KR20100079602A - Method and apparatus for determining nuclide in nuclear material composed of only one nuclide, and for determining nuclide composition ratio in nuclear material composed of several nuclides - Google Patents

Abstract

The present invention calculates the multiplier distribution from neutrons released during nuclear fission, and compares it with the reference distribution to determine the nuclide of a single nuclide nuclide or to determine the nuclide component ratio of a multinuclear nucleus. A method and an apparatus for determining each are provided.

Description

METHOD AND APPARATUS FOR DETERMINING NUCLIDE IN NUCLEAR MATERIAL COMPOSED OF ONLY NUCLIDE, AND FOR DETERMINING NUCLIDE COMPOSITION RATIO IN NUCLEAR MATERIAL COMPOSED OF SEVERAL NUCLIDES}

The present invention relates to a method and apparatus for determining nuclide species of neutron generators (also called 'sources') or determining component ratios between nuclides in the case of multinuclides by measuring neutrons emitted during nuclear fission of nuclear material.

In general, after a natural nuclear fuel such as uranium reacts in a technically controlled state to generate energy (nuclear power generation), not only uranium but also plutonium and the like are present in combination, which is called spent fuel. Among the spent fuels, uranium and plutonium are classified as Special Nuclear Material (SNM), reported to and managed by the International Atomic Energy Agency.

For such reporting or process-specific management during nuclear power generation, it is necessary to know the existence of a particular nuclide in the fuel or to determine the composition of the nuclide.
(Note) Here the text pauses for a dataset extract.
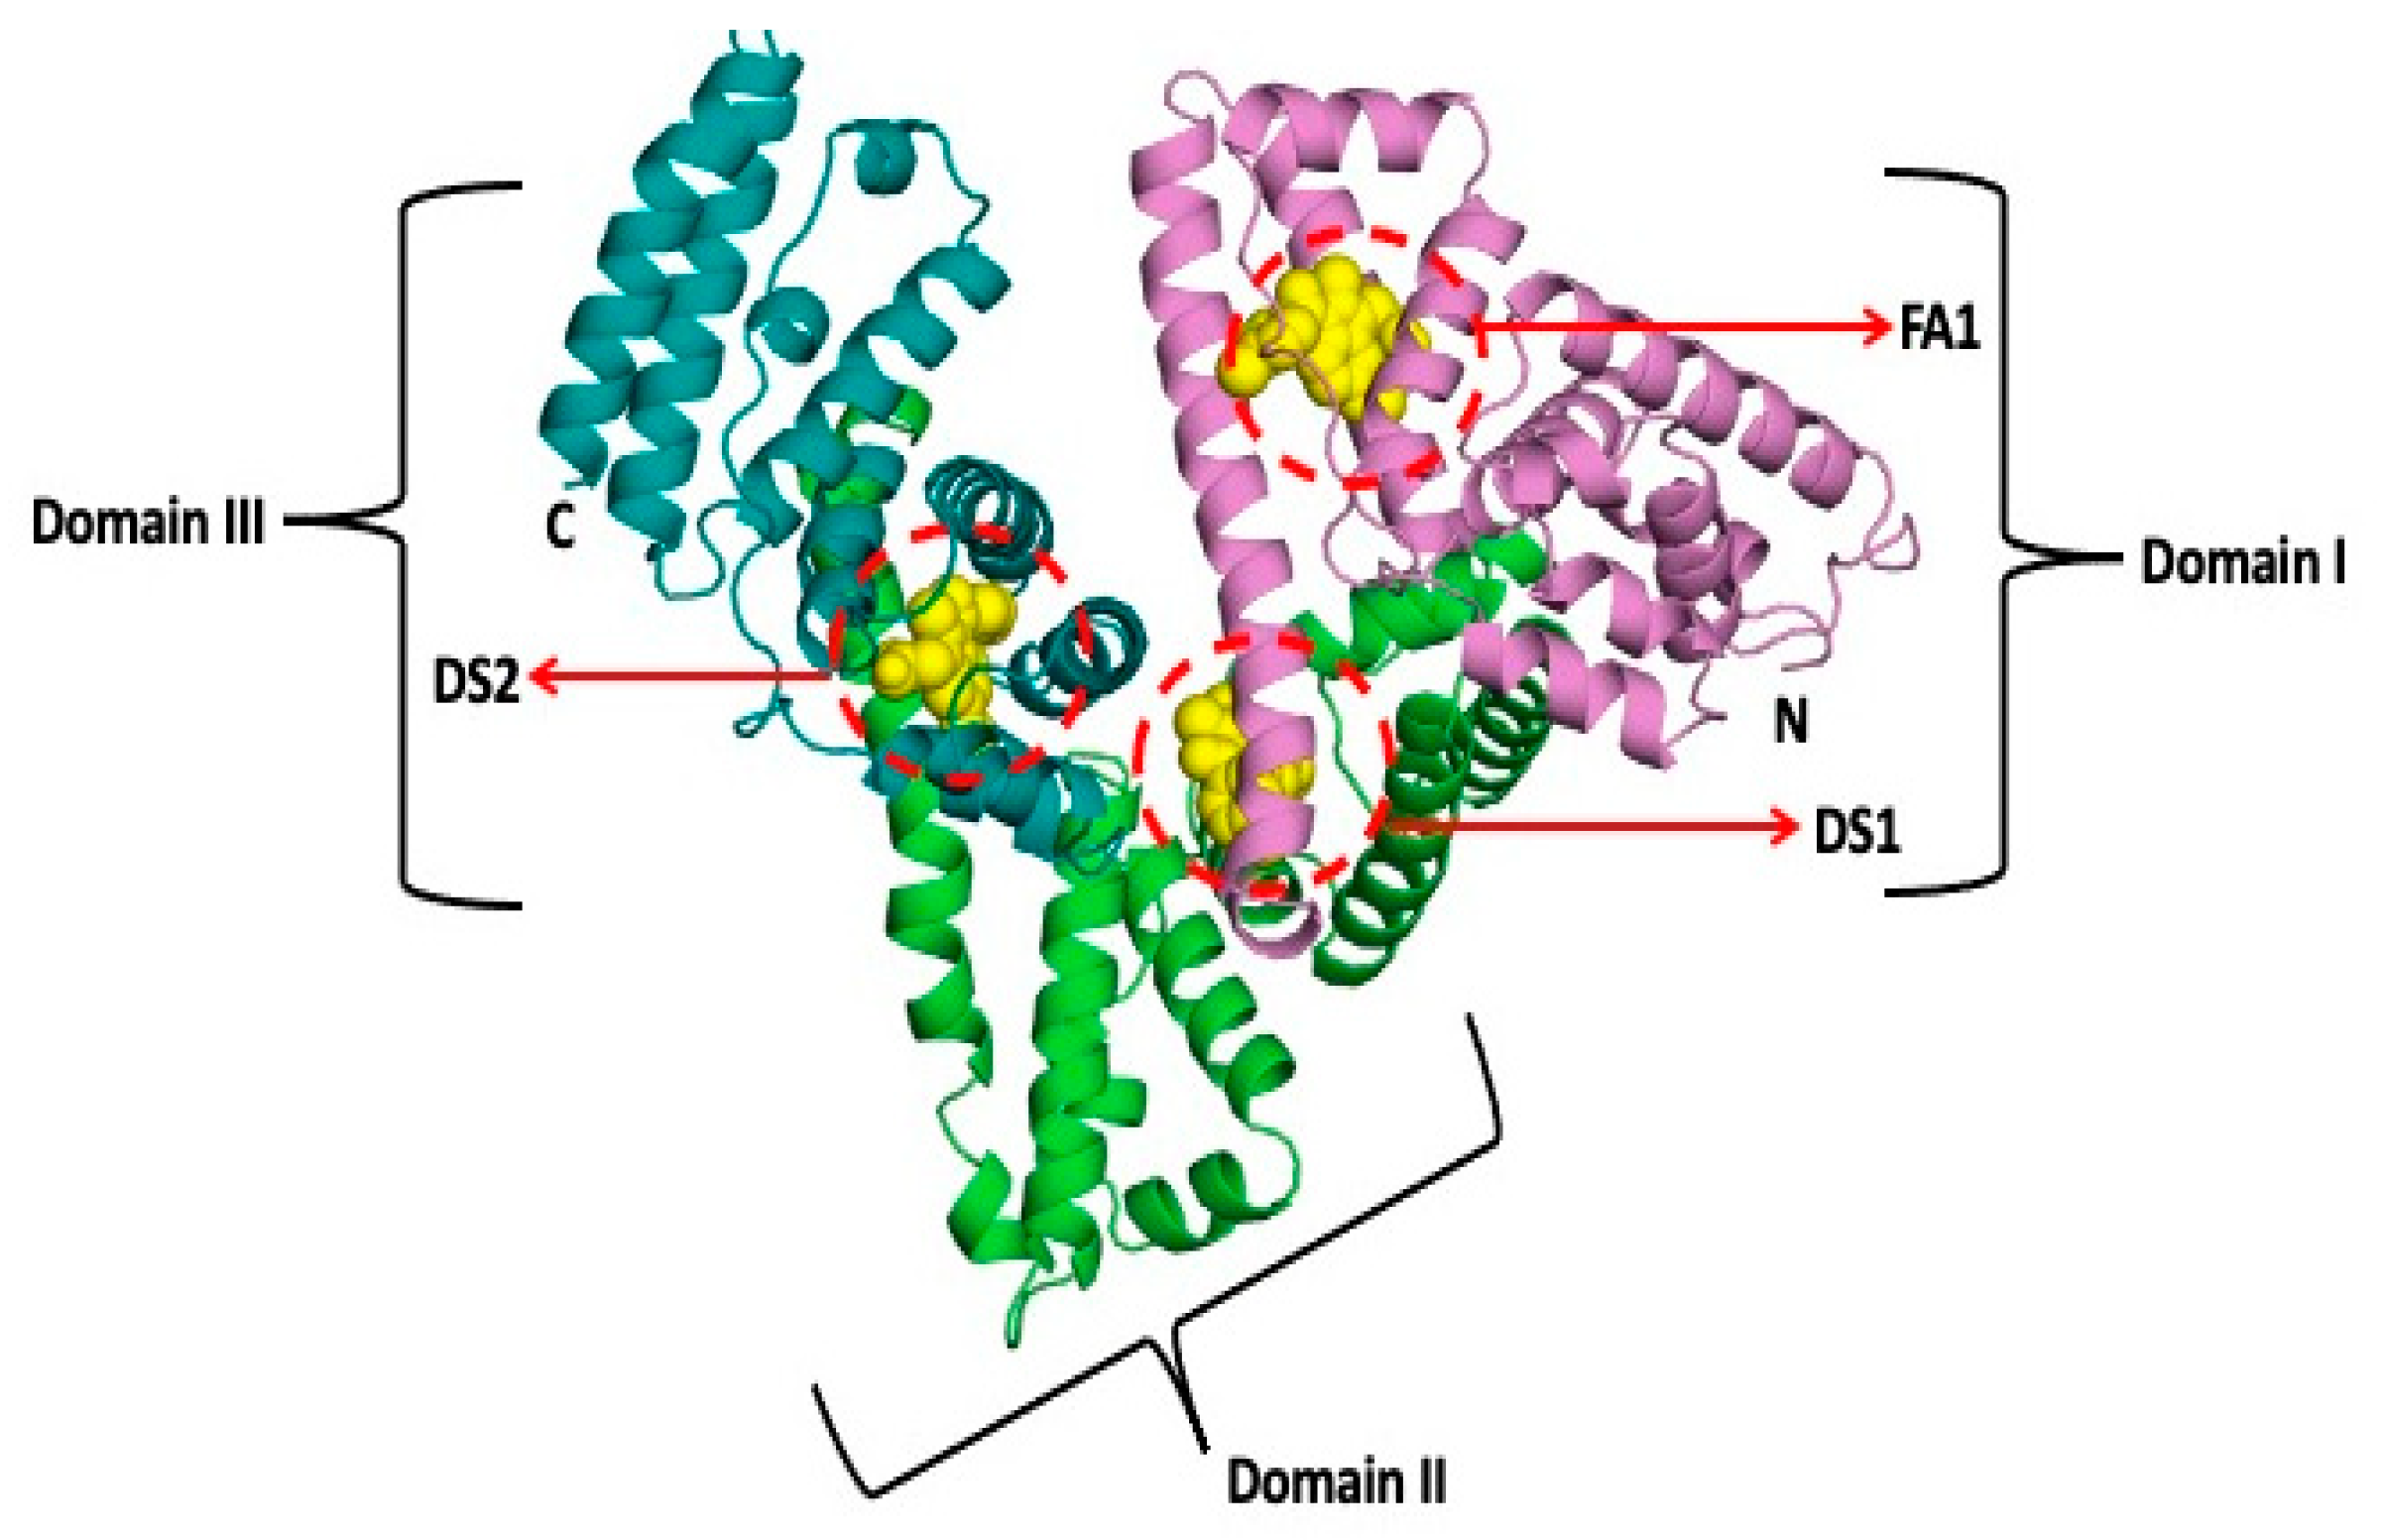 Molecular dynamics simulation of HSA-ligand complex for 50 ns time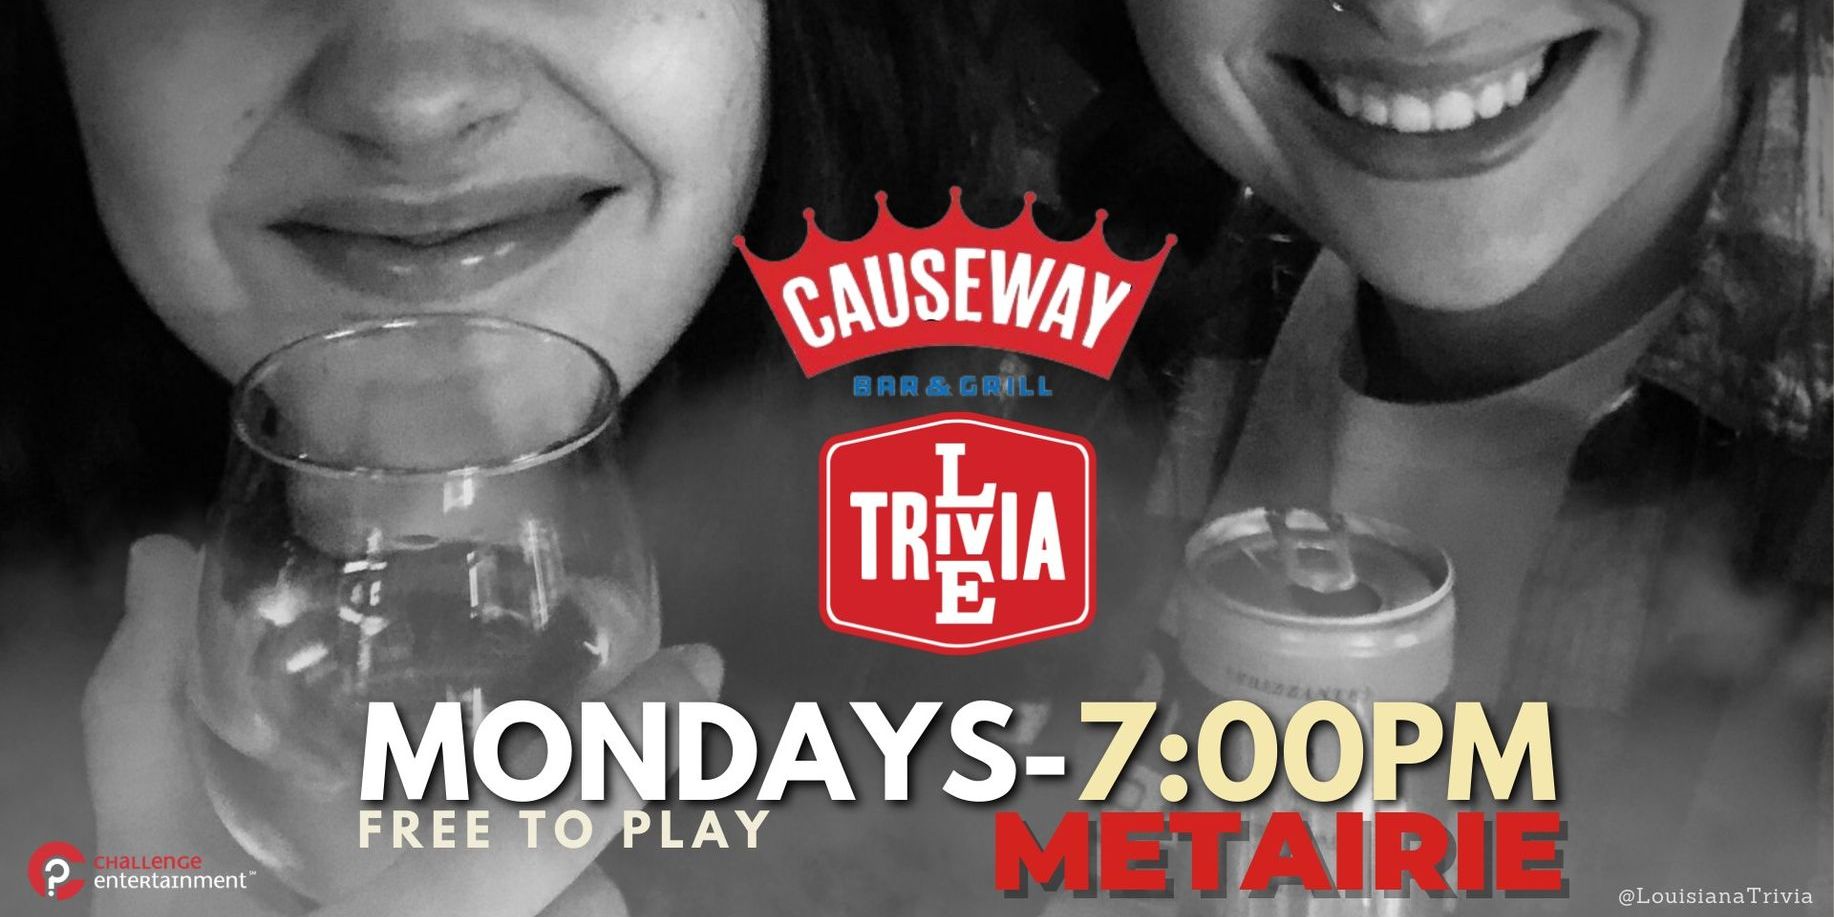 Live Trivia at Causeway Bar & Grill promotional image

Nuclear fuel samples may be obtained and subjected to chemical tests to determine the nuclide or determine the composition ratio. However, this method has a problem that requires a lot of time for analysis.

Other non-destructive methods include measuring gamma rays or detecting neutrons to determine gastric nuclides.

The neutron detection method is difficult to measure the neutron spectrum, there is no simple equipment for measuring it, and it is not easy to miniaturize the device. In addition, in the case of multinuclide nuclear material, it is not easy to identify which source of neutron generation.

In particular, in the case of spent nuclear fuel, which is a multinuclear material, after measuring Cm-244, the main source, information on the degree of combustion (provided by the power plant or gamma ray measurement as the degree of combustion of the fuel), and the ORIGEN (combustion degree) And the Cm ratio (U-235 / Cm-244 or Pu / Cm-244) (nuclide component ratio) to determine the amount of U-235 and Pu. At this time, since the error of the combustion degree measurement error and the computer code is accumulated in the final result value, the measurement error and the uncertainty are large.

One object of the present invention is to provide a method and apparatus for determining a nuclide or component ratio different from the conventional one.

Another object of the present invention is to use a conventional neutron measuring device to easily determine the nuclide or nucleus component ratio of the nuclear material.

Nuclear species identification method of a single nuclide nuclear material according to an embodiment of the present invention for realizing the above object is to detect the neutrons released during nuclear fission in the nuclear material sample, and within a predetermined time interval of the detected neutrons Counting the number of neutrons continuously detected by the number of cluster signals, calculating the number of neutron multiplications by converting the number of counts of the number of cluster signals, and comparing the distribution of the neutron multiplications with a reference distribution of the sample. Determining the nuclide.

Nuclide discrimination apparatus of a single nuclide nuclear material according to another embodiment of the present invention is a neutron detector for detecting neutrons released during nuclear fission in a nuclear material sample, and the neutron detector is electrically connected to the neutron detector is a constant of the detected neutrons A signal converter for counting the number of neutrons clustered continuously within a time interval for each number of cluster signals, a calculator electrically connected to the signal converter for converting coefficient values for the number of cluster signals to calculate neutron multiplications, and And a determiner electrically connected to determine the nuclide of the sample by comparing the distribution of the neutron multiplier with a reference distribution.

In accordance with another aspect of the present invention, a method for determining a nuclear species component ratio of a multinuclide nuclear material includes combining a multiplication factor distribution of each of a plurality of nuclides to calculate a mixed reference distribution, and a nuclear material mixed with a plurality of nuclides. Detecting neutrons emitted during nuclear fission from a sample, counting neutrons of the clusters continuously detected within a predetermined time interval among the detected neutrons by the number of cluster signals, and converting the coefficient values by the number of cluster signals Calculating a mixed multiplier of neutrons and comparing the distribution of the neutron mixed multiplier with the mixed reference distribution to determine a component ratio of each nuclide.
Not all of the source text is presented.